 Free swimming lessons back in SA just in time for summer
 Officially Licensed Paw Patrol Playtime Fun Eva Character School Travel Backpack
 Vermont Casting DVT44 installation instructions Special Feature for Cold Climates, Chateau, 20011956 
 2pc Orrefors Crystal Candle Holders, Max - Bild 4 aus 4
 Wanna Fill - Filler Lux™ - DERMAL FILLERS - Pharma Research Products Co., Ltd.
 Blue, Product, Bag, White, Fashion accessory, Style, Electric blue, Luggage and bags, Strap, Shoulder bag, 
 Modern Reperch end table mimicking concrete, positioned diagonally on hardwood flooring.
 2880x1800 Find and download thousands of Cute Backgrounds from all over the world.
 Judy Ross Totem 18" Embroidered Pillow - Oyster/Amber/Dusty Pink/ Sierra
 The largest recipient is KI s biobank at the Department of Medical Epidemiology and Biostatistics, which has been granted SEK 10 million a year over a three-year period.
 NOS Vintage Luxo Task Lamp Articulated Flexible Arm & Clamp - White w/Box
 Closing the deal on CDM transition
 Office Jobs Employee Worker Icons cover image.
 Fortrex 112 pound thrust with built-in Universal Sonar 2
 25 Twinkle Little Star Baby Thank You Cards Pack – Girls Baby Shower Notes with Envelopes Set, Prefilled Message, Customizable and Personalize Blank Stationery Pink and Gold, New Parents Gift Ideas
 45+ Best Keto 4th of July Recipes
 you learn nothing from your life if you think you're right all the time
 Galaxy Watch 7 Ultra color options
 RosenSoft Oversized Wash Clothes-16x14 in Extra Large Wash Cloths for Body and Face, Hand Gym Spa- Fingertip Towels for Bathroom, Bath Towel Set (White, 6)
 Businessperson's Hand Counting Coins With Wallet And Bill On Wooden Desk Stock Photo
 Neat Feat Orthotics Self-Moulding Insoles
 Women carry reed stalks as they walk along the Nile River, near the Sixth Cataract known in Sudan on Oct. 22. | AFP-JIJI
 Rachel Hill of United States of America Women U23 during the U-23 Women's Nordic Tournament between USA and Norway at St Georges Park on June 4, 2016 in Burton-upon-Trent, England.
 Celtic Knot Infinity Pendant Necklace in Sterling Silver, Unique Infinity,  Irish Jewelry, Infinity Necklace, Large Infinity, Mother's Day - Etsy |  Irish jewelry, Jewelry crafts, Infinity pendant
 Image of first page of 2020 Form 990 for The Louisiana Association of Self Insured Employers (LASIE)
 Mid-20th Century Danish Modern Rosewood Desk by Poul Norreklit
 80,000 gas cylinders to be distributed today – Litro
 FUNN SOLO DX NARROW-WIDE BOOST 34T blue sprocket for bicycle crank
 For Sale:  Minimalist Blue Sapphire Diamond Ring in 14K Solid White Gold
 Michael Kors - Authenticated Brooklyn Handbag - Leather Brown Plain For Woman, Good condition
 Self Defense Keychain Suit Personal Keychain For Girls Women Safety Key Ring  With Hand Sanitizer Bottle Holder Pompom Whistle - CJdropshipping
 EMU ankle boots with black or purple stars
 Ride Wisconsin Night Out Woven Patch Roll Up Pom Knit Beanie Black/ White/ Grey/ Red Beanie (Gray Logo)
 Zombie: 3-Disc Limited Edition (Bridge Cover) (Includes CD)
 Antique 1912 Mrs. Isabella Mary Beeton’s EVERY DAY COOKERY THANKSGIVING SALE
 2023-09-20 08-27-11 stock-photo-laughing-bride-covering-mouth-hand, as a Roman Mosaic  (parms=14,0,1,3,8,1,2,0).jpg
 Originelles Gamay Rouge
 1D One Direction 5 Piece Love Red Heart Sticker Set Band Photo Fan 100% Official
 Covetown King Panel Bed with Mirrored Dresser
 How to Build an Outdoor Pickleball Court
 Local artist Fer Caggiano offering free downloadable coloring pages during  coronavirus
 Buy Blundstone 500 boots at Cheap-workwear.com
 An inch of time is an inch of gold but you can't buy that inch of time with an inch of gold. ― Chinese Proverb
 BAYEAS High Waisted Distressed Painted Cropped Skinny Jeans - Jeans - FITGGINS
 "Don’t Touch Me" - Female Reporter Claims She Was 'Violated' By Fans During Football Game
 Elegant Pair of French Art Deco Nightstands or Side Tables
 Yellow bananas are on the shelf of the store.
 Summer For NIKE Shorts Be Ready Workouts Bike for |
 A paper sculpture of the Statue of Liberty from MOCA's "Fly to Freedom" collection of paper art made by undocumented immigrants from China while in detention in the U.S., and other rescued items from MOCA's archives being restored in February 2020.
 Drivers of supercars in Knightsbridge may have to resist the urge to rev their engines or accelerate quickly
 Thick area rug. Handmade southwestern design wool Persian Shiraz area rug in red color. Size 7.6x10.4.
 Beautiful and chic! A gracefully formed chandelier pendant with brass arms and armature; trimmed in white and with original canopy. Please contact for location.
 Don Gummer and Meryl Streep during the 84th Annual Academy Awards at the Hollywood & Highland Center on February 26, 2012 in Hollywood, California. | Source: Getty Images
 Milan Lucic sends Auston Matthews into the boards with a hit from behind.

*-*-*

» Exercise
What lines above contain the string "from"? Copy all of them.

» Answer section
 2880x1800 Find and download thousands of Cute Backgrounds from all over the world.
 you learn nothing from your life if you think you're right all the time
 A paper sculpture of the Statue of Liberty from MOCA's "Fly to Freedom" collection of paper art made by undocumented immigrants from China while in detention in the U.S., and other rescued items from MOCA's archives being restored in February 2020.
 Milan Lucic sends Auston Matthews into the boards with a hit from behind.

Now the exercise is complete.